Seriously though, I am inclined towards approaches, such as pre-registration, which limit the number of researcher degrees of freedom in analysis. It's not necessarily that statistics are broken. It's that the system incentivizes researchers to break the assumptions underlying these statistical tests.




What informs your priors?

That is the core issue with practical applications of Bayesian statistics. Especially because it is a totally new parameter that people can complain about. At best this leads to rampant bikeshedding, at worst we get prior-hacking as opposed to p-hacking.


What I wonder is, given a system with perverse incentives, won't people find a way to abuse Bayesian statistics?


I'm sure they would! But there's a pretty strong argument it's a step in the right direction. Actually, this link makes a more modest proposal that papers should report likelihoods rather than p-values. This avoids reported results results depending on priors (which perhaps we don't trust authors to choose well), though a reader can easily impose themselves if they want to.
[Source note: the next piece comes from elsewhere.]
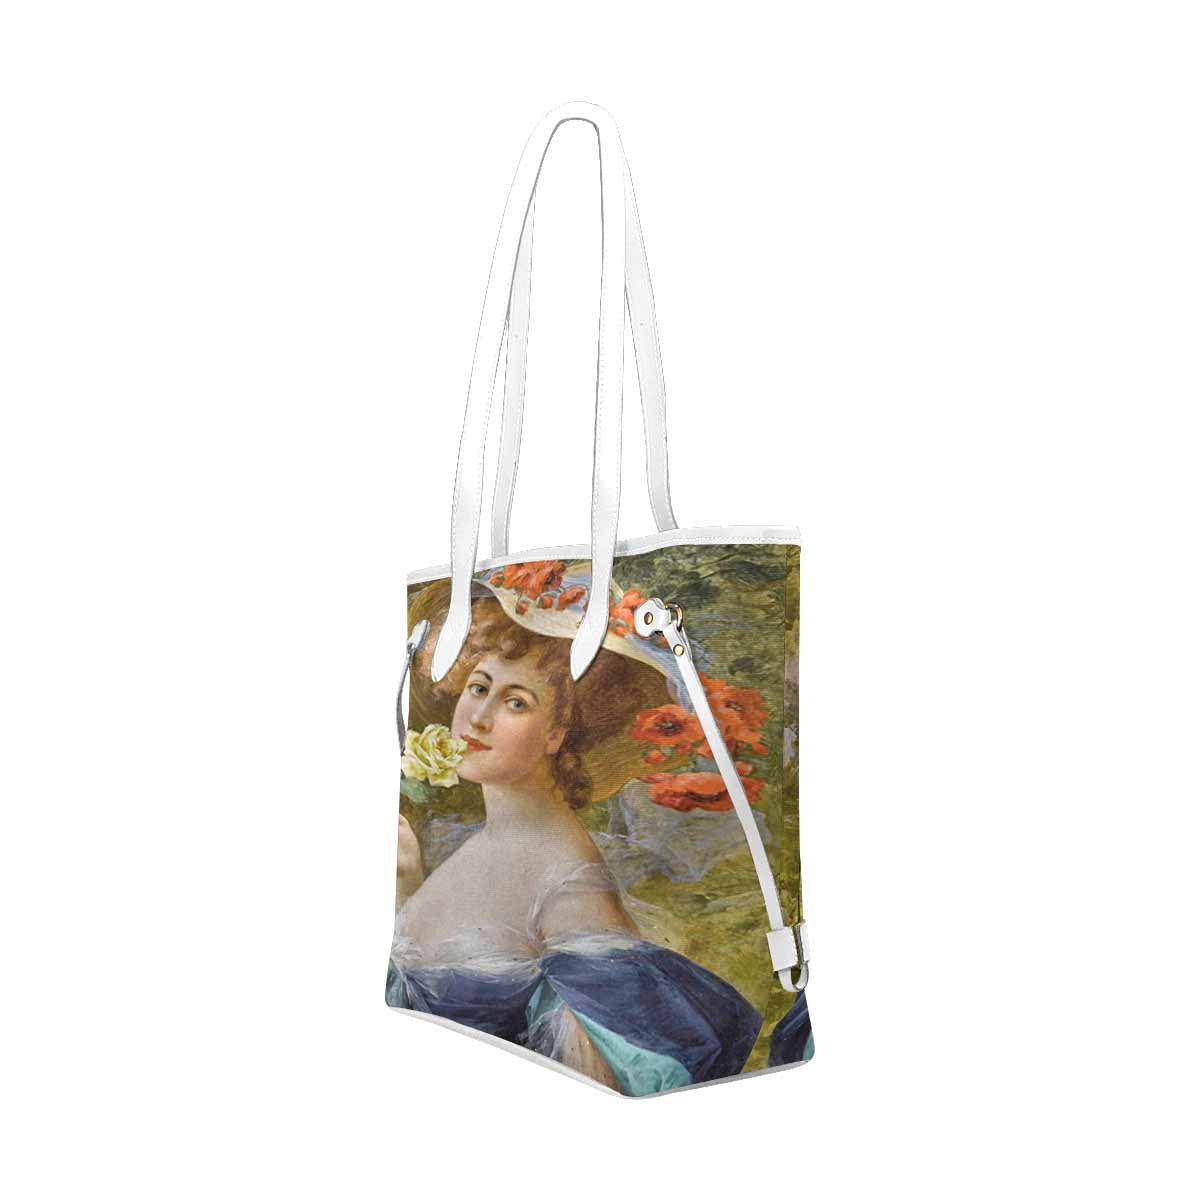 Victorian Lady Design Handbag, Model 1695361, Woman With Yellow Rose At Mouth, WHITE TRIM

https://arbital.com/p/likelihoods_not_pvalues/

You still have the option to muck with things by choosing your hypothesis class in a bad way-- nothing can really replace publishing data!


Probably.. but with Bayesian methods at your model/data updates its priors, rather than you effectively embedding your prior beliefs into your models via selectively choosing tests that support them.


It's very easy to let that slip into post hoc justification of your priors.


In my view, "prior" may be a misnomer. There is nothing that I'm aware of in Bayes' theorem to suggest that you have to formulate your priors before gathering or analyzing your data. I would describe priors as constraints that are included in an analysis, to narrow the results based on additional information that you're aware of. Bayes' theorem mainly provides a framework for computing what happens when you do that.


Maybe the prior doesn’t need to be formulated _before_ getting the data, but it needs to be _independent_ of the data.


Why become Bayesian? The rational actor theorems that drove that in the '60's turn out not to apply if you use a class of priors instead of a single prior, and single priors are overspecific to capture belief in most cases.

Better to go all the way down to decision theory.


Do you have some fuller description of, or some links to, the work you are referring to?

Also, would decision theory replace Bayesian inference? Would it not rather _use_ it?